Country: Future Fire, Future Farming


Another volume in this important series of First Knowledges, which includes books on design, astronomy, plants and songlines. Country: Future Fire, Future Farming is written two of the most prominent voices on pre-settler land use in Australia, Bruce Gammage (The Biggest Estate on Earth) and Bruce Pascoe (Dark Emu). While these two venerable experts take slightly different views of Indigenous land management, they are united in their insistence that we must look to the Aboriginal past to better manage our future.

Bruce Pascoe uses his chapters partly as a rebuttal to Keryn Walsh and Peter Sutton's Farmers or Hunter-Gatherers? which I discussed a while ago, coming back to his conviction that pre-colonisation Aboriginal peoples were on the road to agriculture.
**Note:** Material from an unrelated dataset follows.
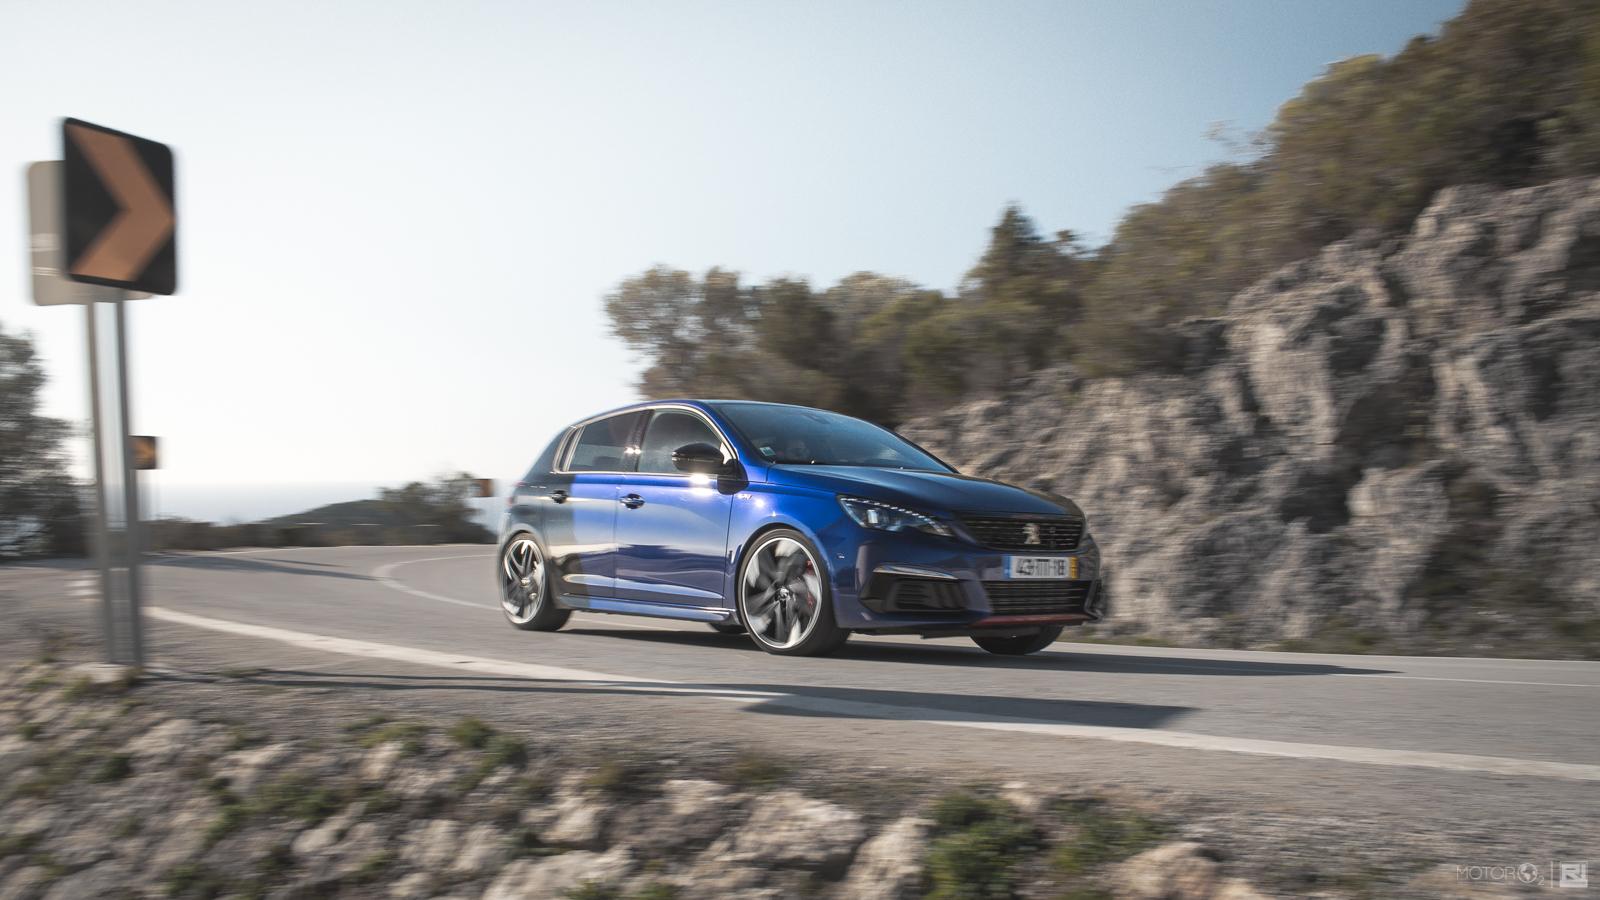 Ensaio Peugeot 308 Gti Mais Adulto Mas Com A Rebeldia De Sempre

It's inspiring to read his account of farming native fruits, grains and greens on his own land, and to wonder why we aren't making better use of the plants and animals that evolved here, rather than insisting on importing foreign foods and wasting resources on trying to make them grow. 

But the most urgent argument the book presents centres on the use of fire to manage country. Pre-1788 people skilfully and constantly used cool, controlled fire to precisely and deliberately manage different types of landscape and vegetation, never allowing the tremendous build-up of material that has lead to repeated catastrophic bushfires that we have experienced over and over since colonisation. Before 1788, people balanced fire-tolerant, fire-sensitive and fire-dependent vegetation, encouraging new growth for animal and human food, and leaving patches unburnt to shelter animals. We must recover and re-learn such detailed and sophisticated local knowledge that kept the land in balance for tens of thousands of years. It's almost unbelievable, and so tragic, that in a mere 250 years we Europeans have managed to stuff things up so thoroughly and disastrously.

Country: Future Fire, Future Farming is an urgent and essential book, not just for understanding our past, but for planning any kind of sustainable future.